Needless to say, such disruptions will have a severe impact on economic stability and growth in the region. And Canberra knows this.
In addition, nearly all of Australia’s sea lines of communication that do not go through Asia go through the Middle East. Seventeen per cent of Australia’s oil imports travel through the Strait of Hormuz. That number jumps to 56 per cent when discussing the Asia-Pacific region as a whole. The Strait of Hormuz and the Suez Canal are high-density shipping routes. Today, the political situation in Egypt and Iran’s repeated (but unlikely) threats to close the strait make both routes volatile. Australia must be able to anticipate changes that would affect these routes.
Australia and the Gulf Co-operation Council share a significant economic relationship. The value of trade between the six states of the council and Australia was $10.165 billion in 2012. They are expanding markets with significant buying power. The UAE grew 4 per cent last year, Saudi Arabia 3.6 per cent and Qatar 5 per cent. Although today trade with Iran is negligible, the possibility of a final nuclear deal that includes a lifting of sanctions would potentially open a market of 76 million people up for business. Asia is already present, Europe is weighing its options, so why not Australia?
The region is replete with security interests for Australia, even after the end of Australian Defence Force operations in Afghanistan. The three-year civil war in Syria has been a headache for Canberra. According to the Attorney-General, George Brandis, “Australia is one of the largest sources of foreign war fighters to the Syrian conflict from countries outside the region.” He estimated that between 120 and 150 Australians were fighting in Syria, a conservative estimate compared with numbers floated by others, which go up to 205. These fighters pose domestic security risks when they return from battle, a concern that is furrowing brows in Canberra’s national security community.
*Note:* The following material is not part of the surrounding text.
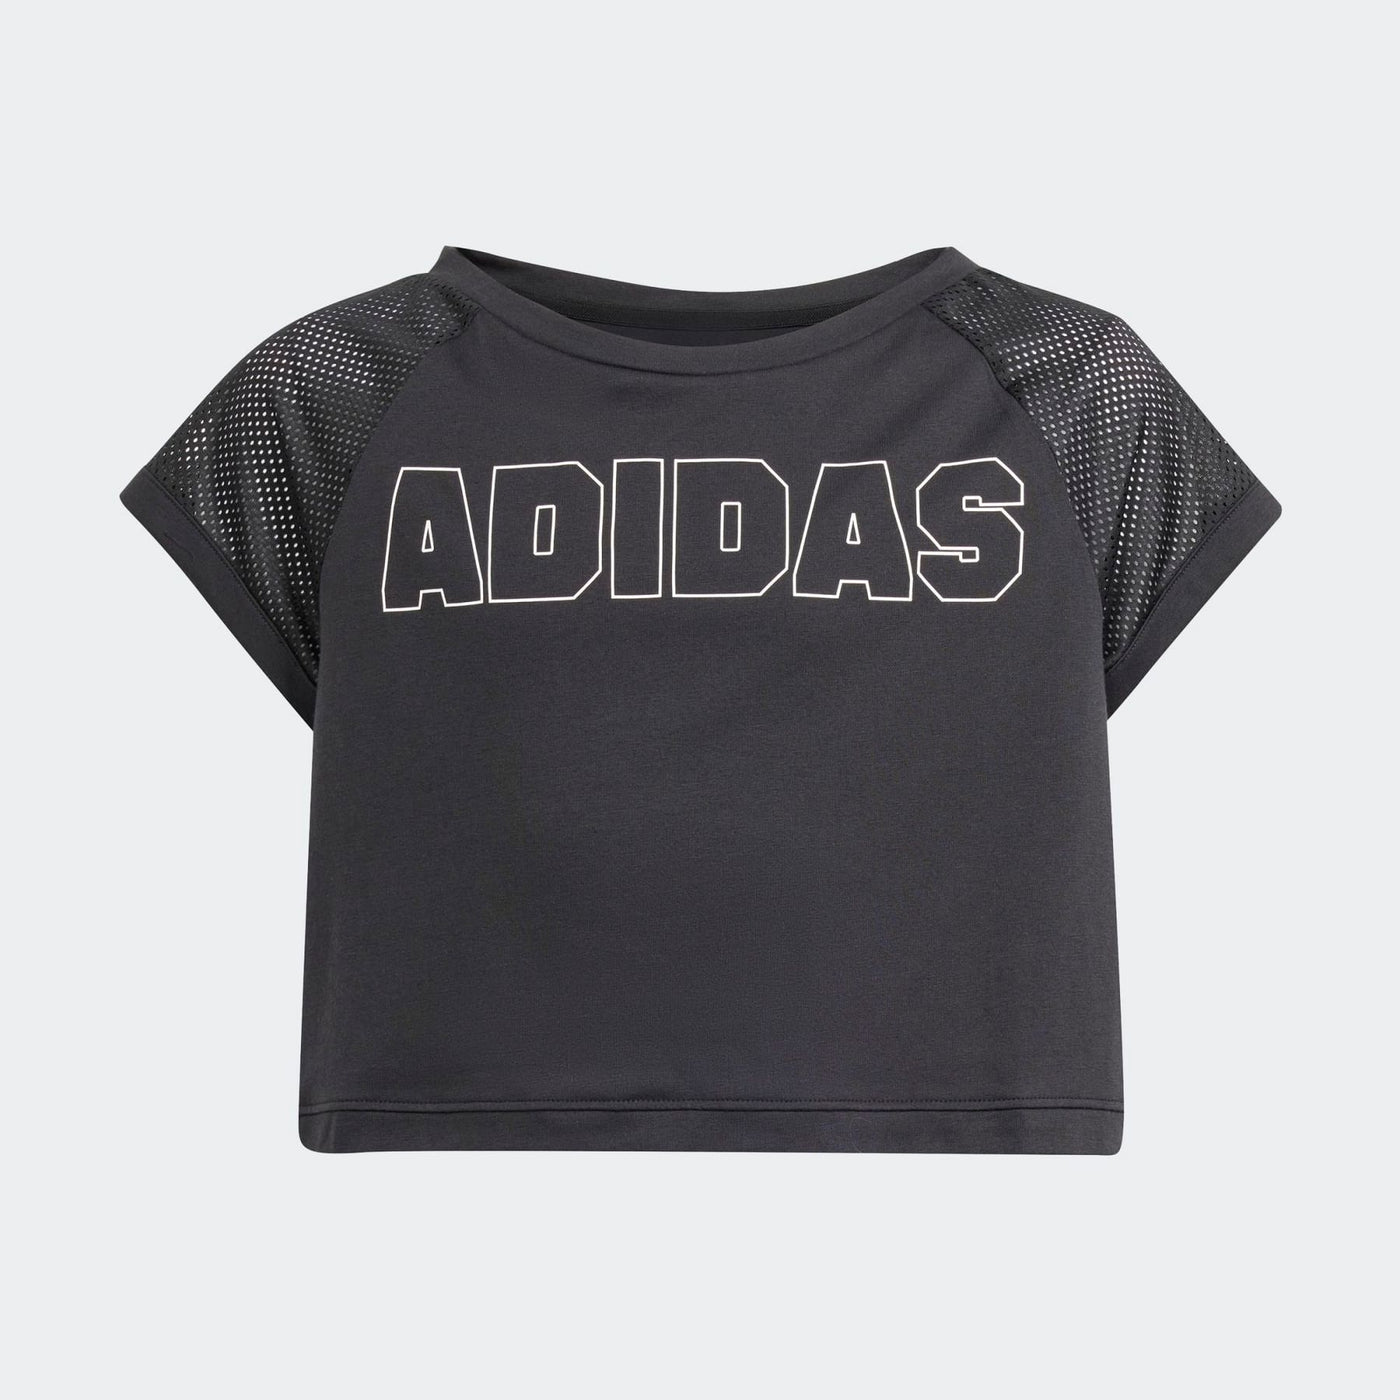 IS3776 - T-Shirt - Adidas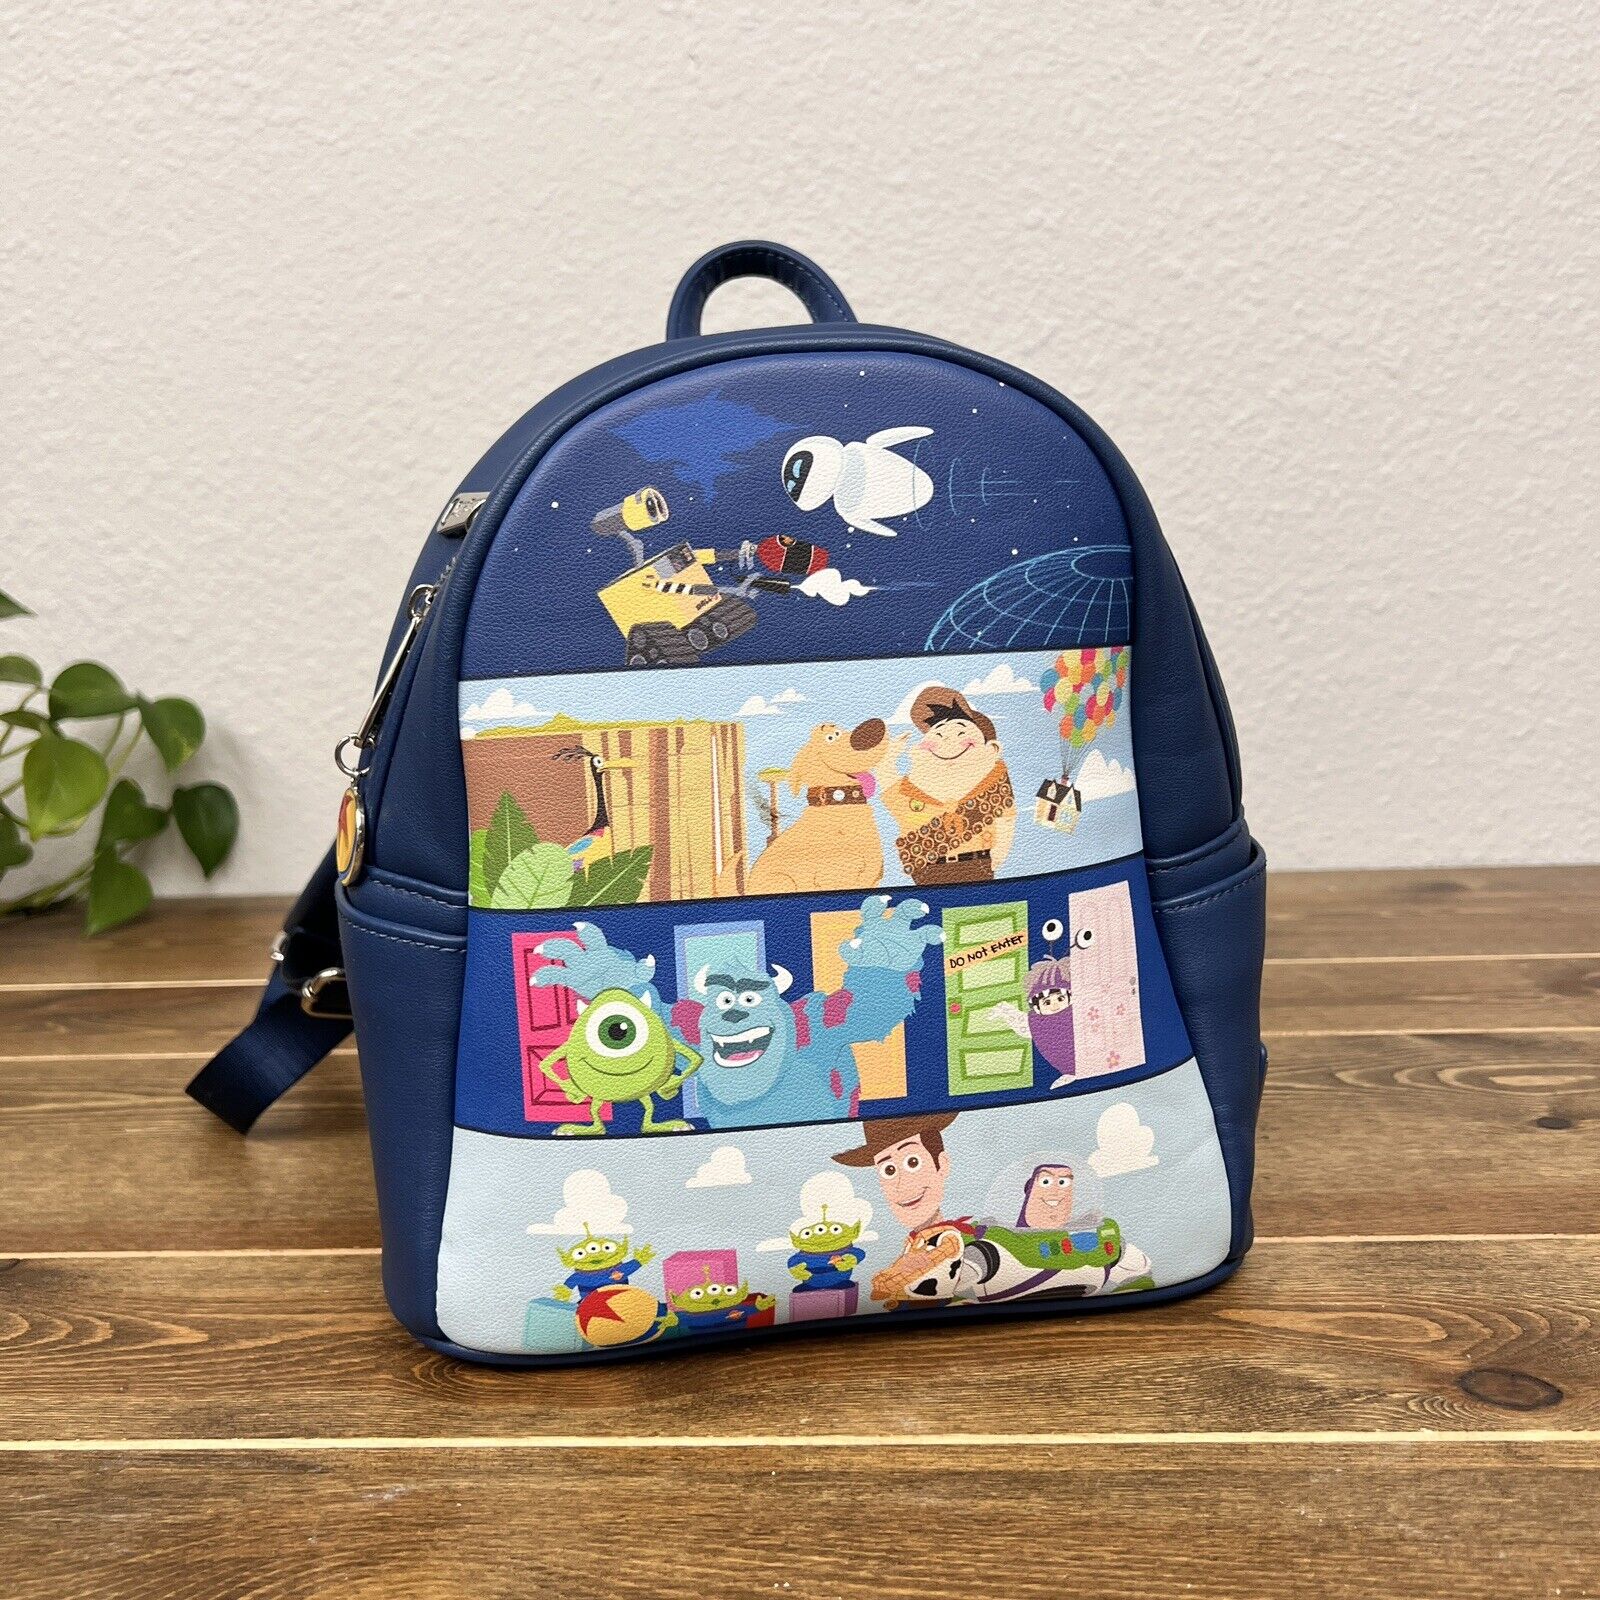 Loungefly Disney Pixar Mini Backpack Panel Scenes Toy Story Monsters Inc UP

While Syria poses a more immediate risk, the spillover of Middle Eastern Islamic terrorism into south-east Asia has been on the agenda for a while. The Bali bombings of October 2002, which killed 88 Australians, made this threat all too real. Jemaah Islamiah, a south-east Asian militant Islamist organisation with ties to al-Qaeda in the Middle East was responsible for the attack. A week later, al-Qaeda said that the bombings were in retaliation for Australia’s support of the US war on terror, involvement in Afghanistan and the liberation of East Timor.
Of course Australia is focused on Asia. The growth of China, disputes in the South China Sea and changes in Indonesia and Thailand are much closer to home. But stability in the Middle East matters for Asia’s security too, because the more the US devotes effort to pacifying and securing the Middle East, the less it will be devoted to managing flashpoints in Asia. Australia would much rather live in an Asia that has Washington’s undivided attention.
Australia can ignore the Middle East today, but that won’t stop the region having an impact on Australian interests tomorrow. It’s an unstable but valuable part of the world. If Canberra decides too late that it needs to understand what’s going on, it will have to redevelop the capacity and relearn the lessons learnt over a decade spent on the ground. It is natural for strategic priorities to shift, but it’s a mistake to let skills dissolve. It is in Canberra’s economic and strategic interest to understand the Middle East, and where possible to promote stability. After all, there’s more to the world than Asia.

Dina Esfandiary is a research associate, Non-Proliferation and Disarmament Program with the International Institute for Strategic Studies.